* Task statement
Everything in the listing below needs restating exactly, apart from the pictures.

* Collected material
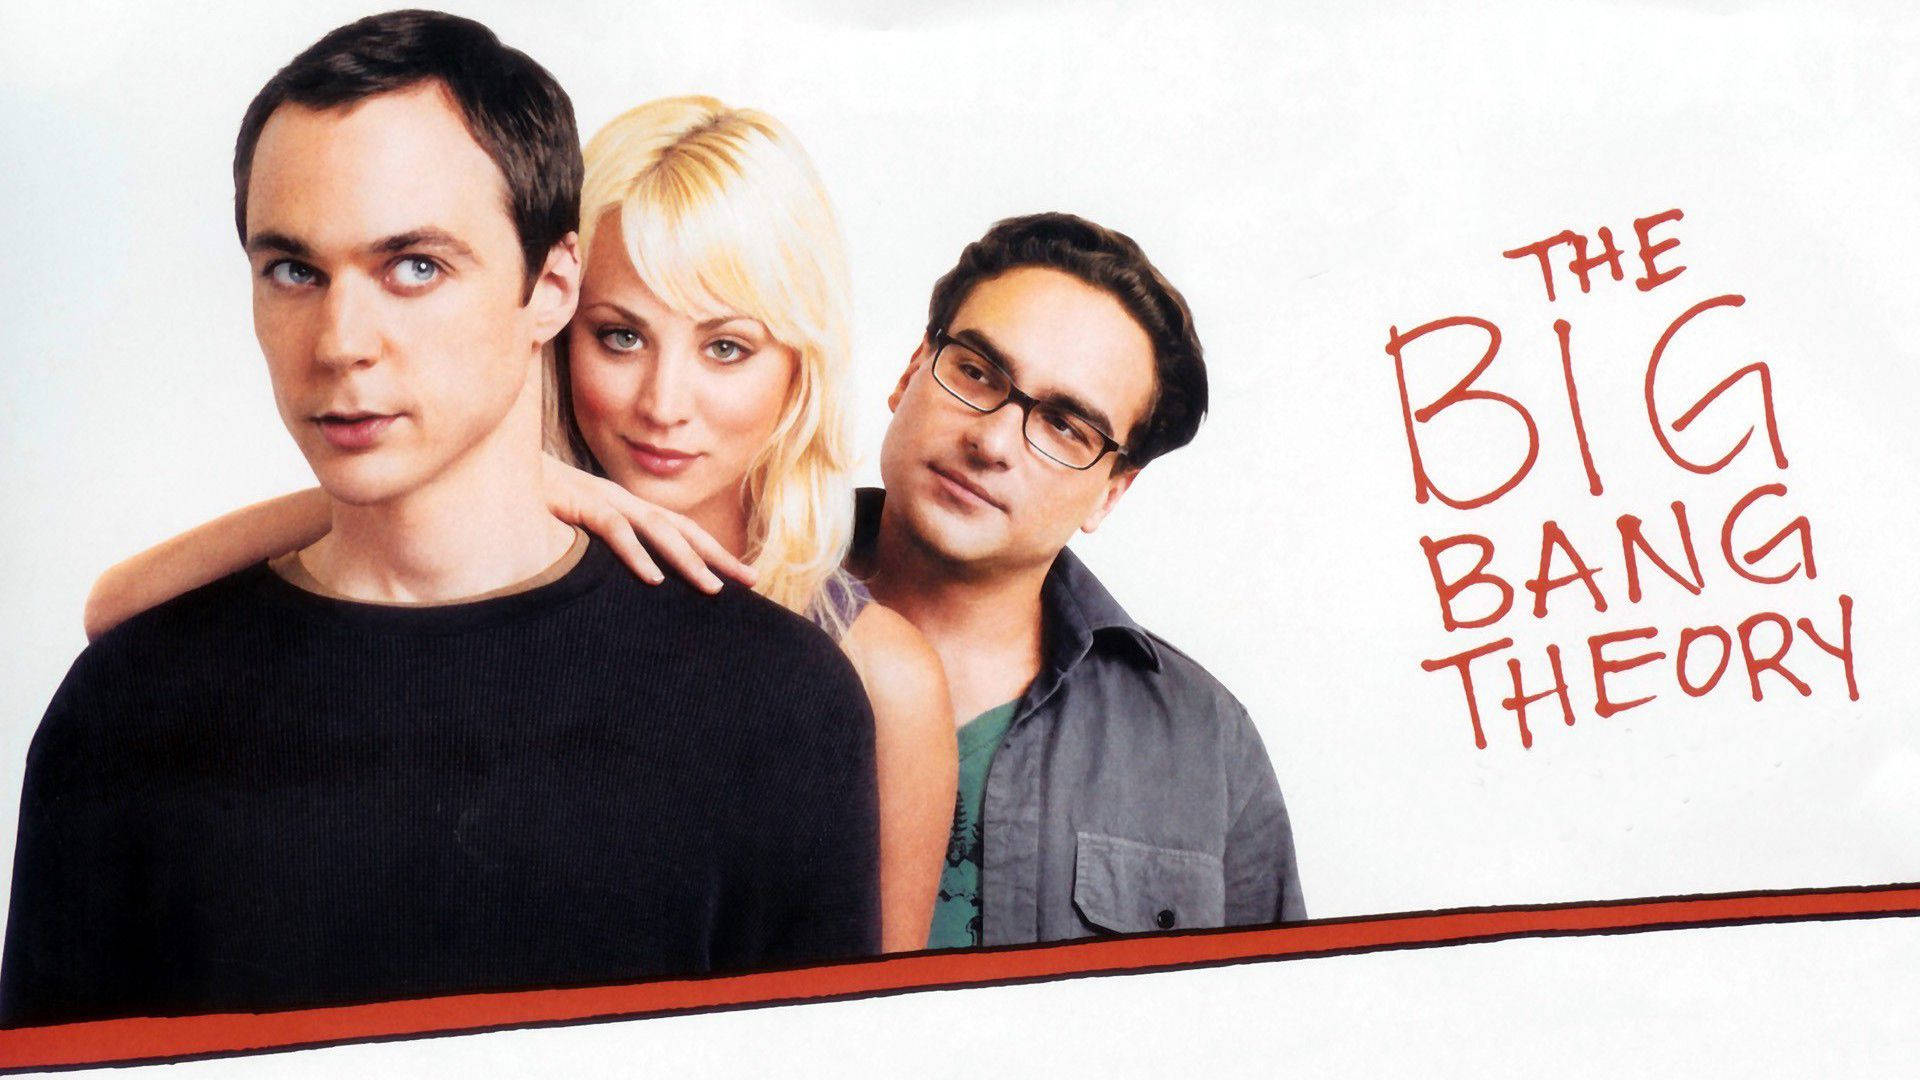 Download The Big Bang Theory Star Poster Wallpaper 
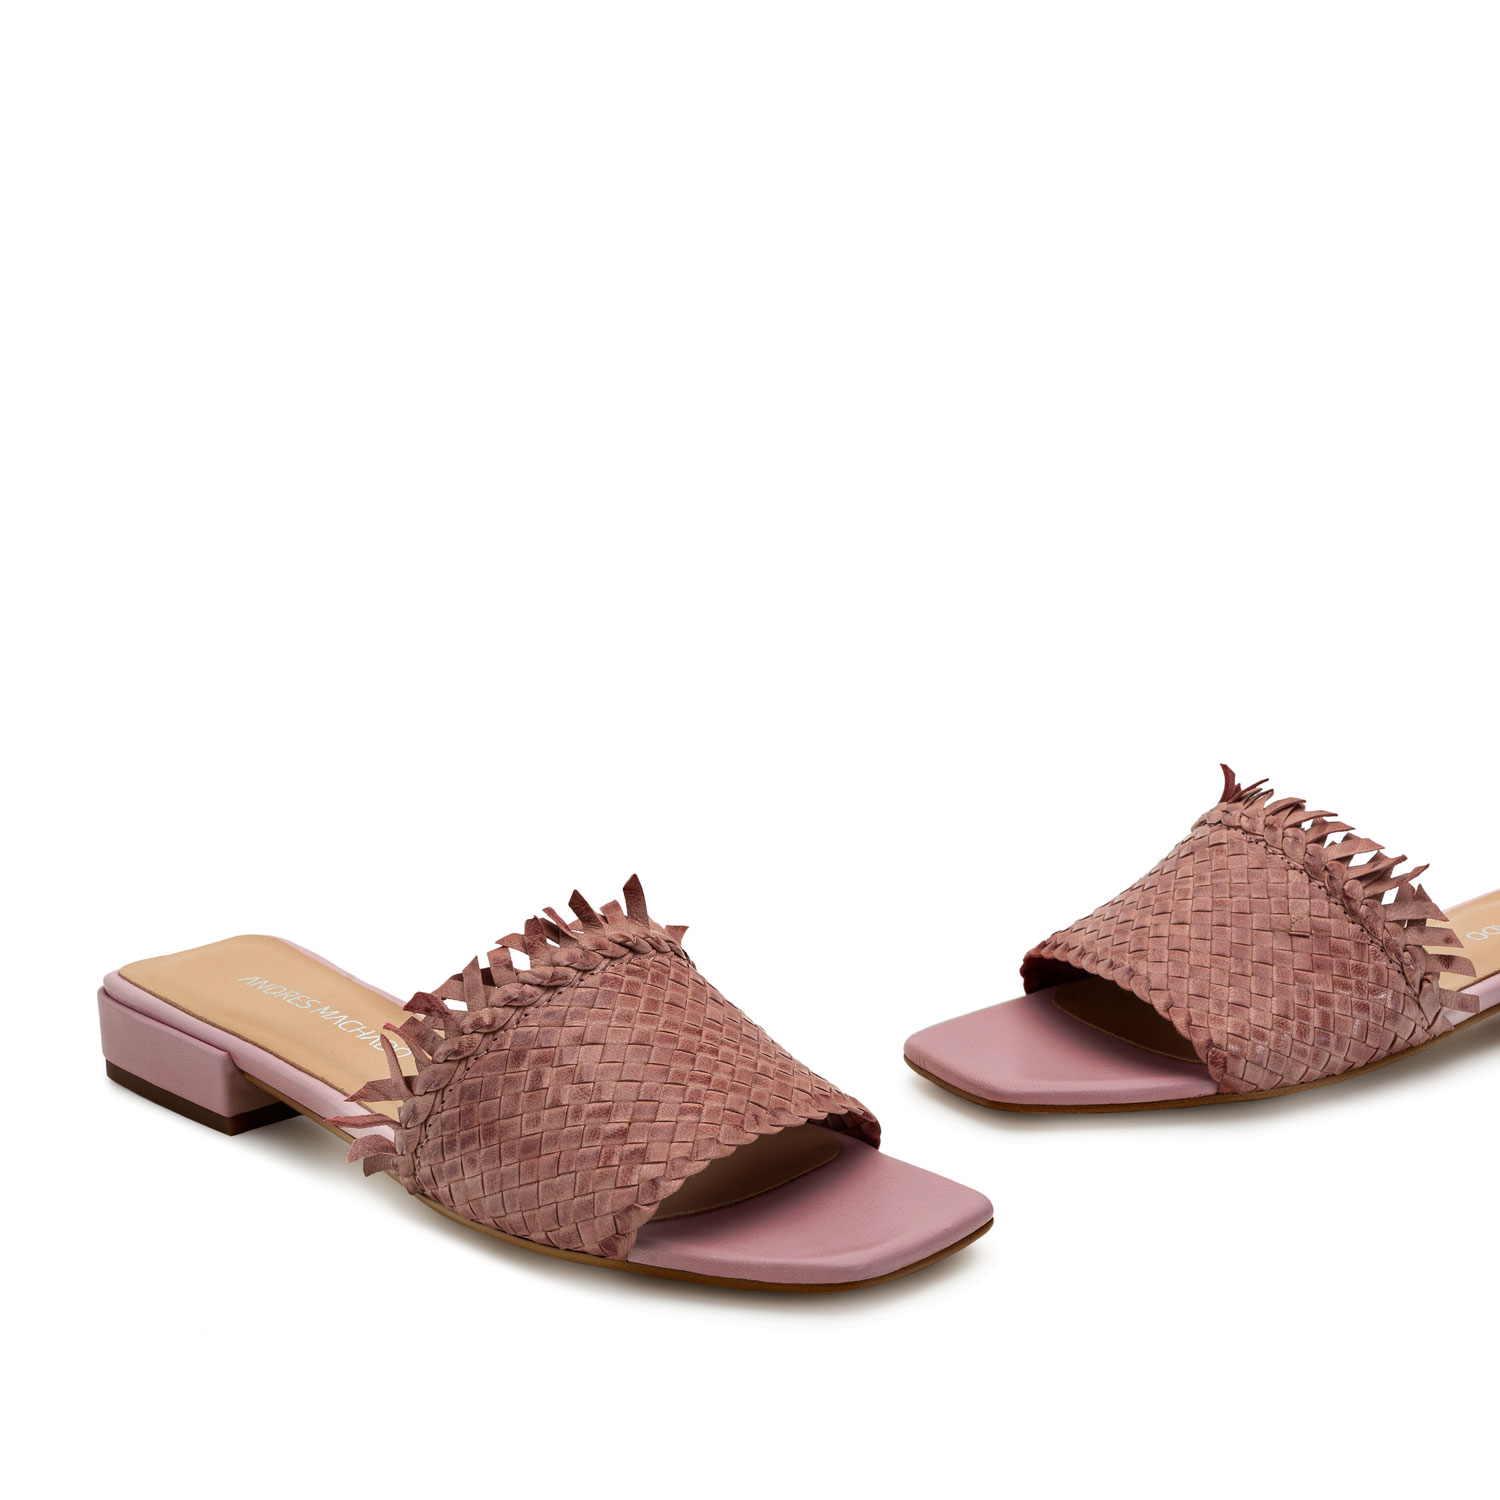 Sandalen aus rosanem Leder - MADE IN SPAIN - 
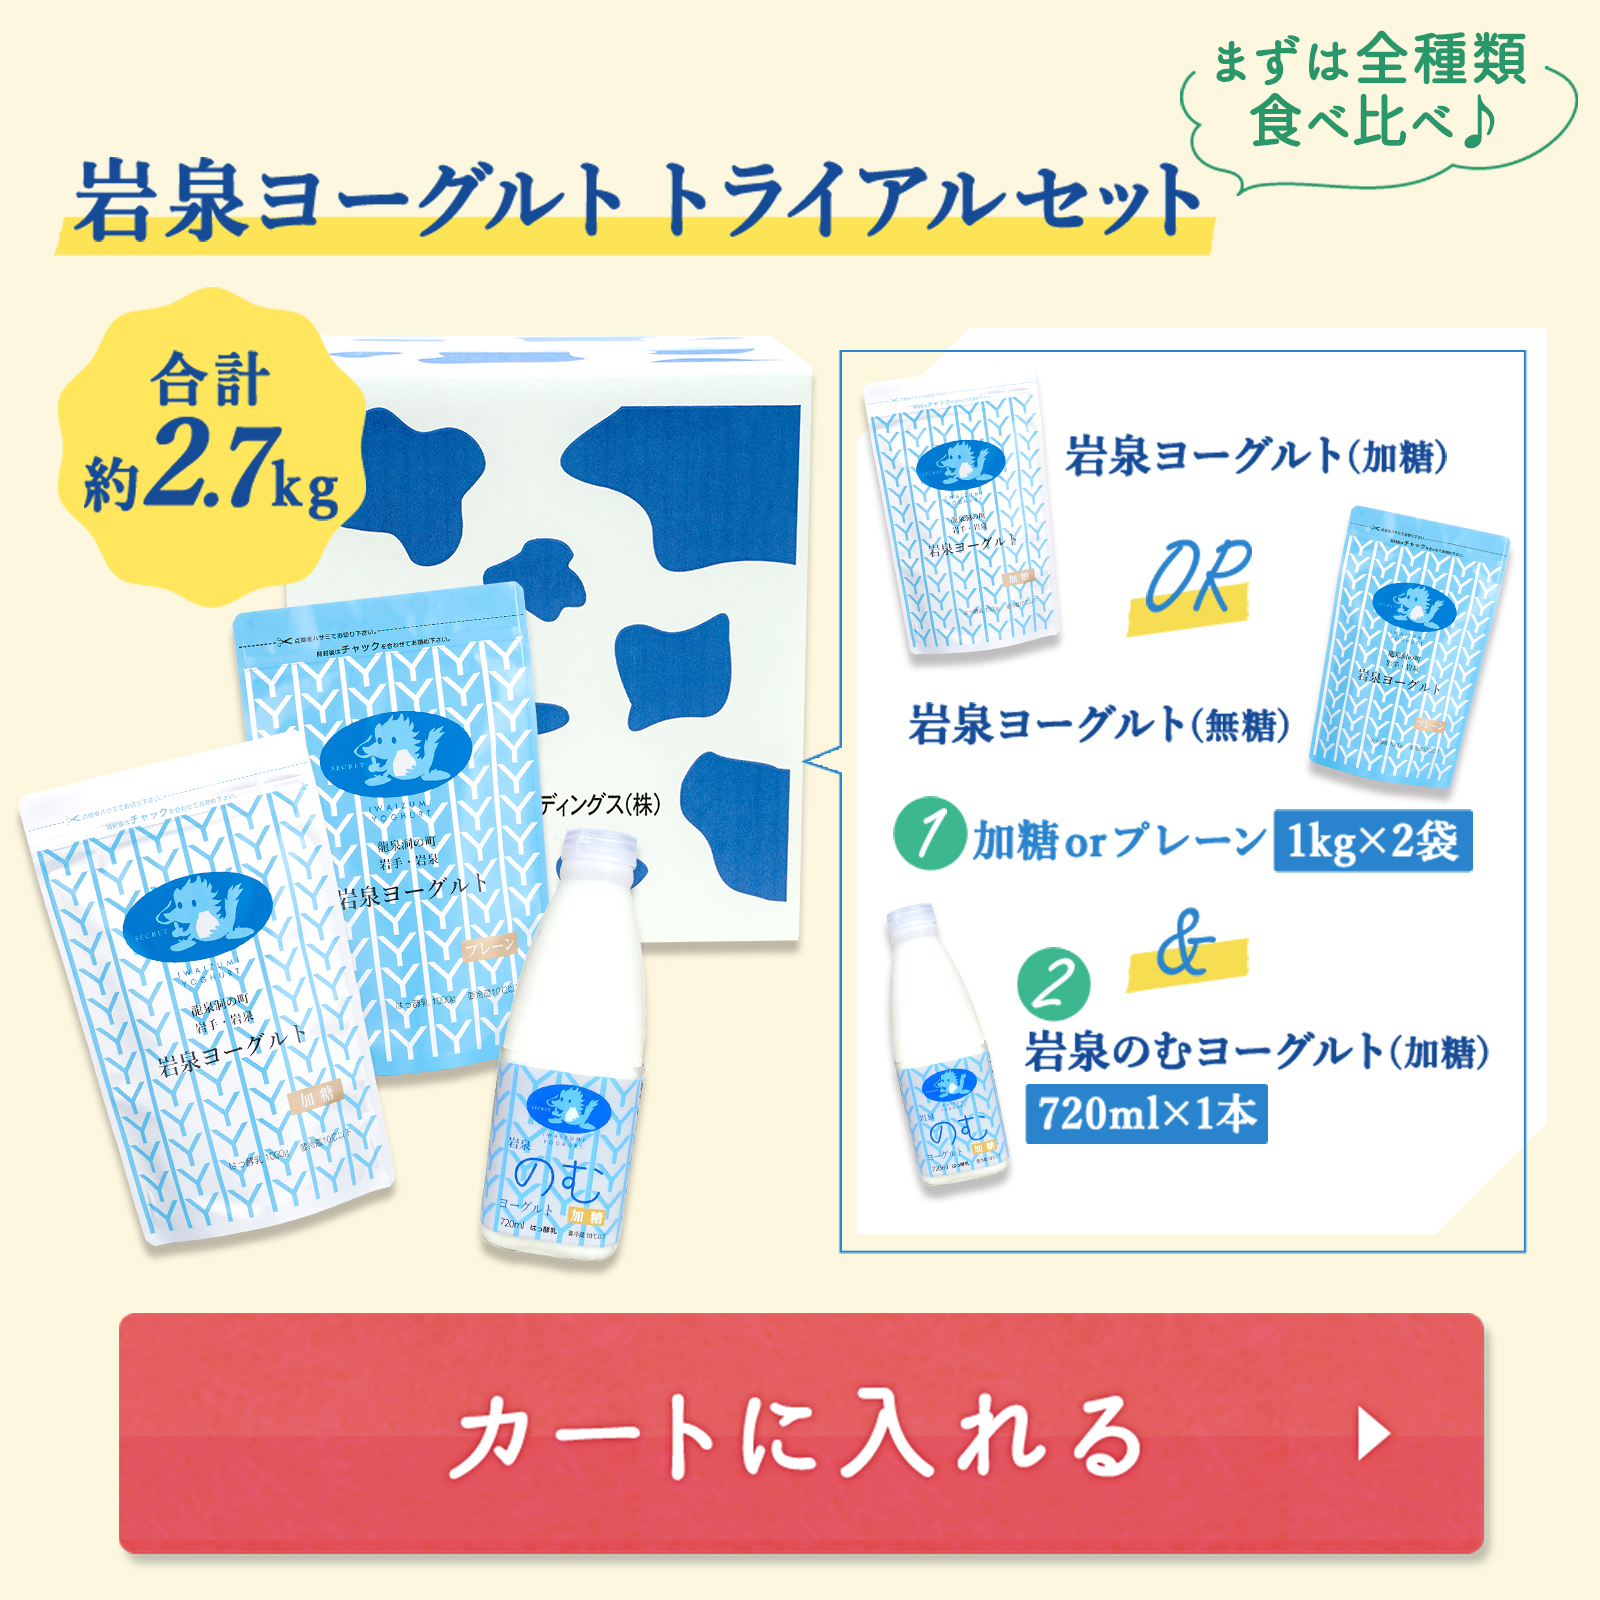  скала Izumi йогурт комплект пробников [. сахар * нет сахар 1kg×2 пакет /. . йогурт 1 шт. ] можно выбрать подарок ваш заказ ассортимент скала ручная работа длина .... прямая поставка от производителя здоровье

* Written solution
 Download The Big Bang Theory Star Poster Wallpaper 
 Sandalen aus rosanem Leder - MADE IN SPAIN - 
  скала Izumi йогурт комплект пробников [. сахар * нет сахар 1kg×2 пакет /. . йогурт 1 шт. ] можно выбрать подарок ваш заказ ассортимент скала ручная работа длина .... прямая поставка от производителя здоровье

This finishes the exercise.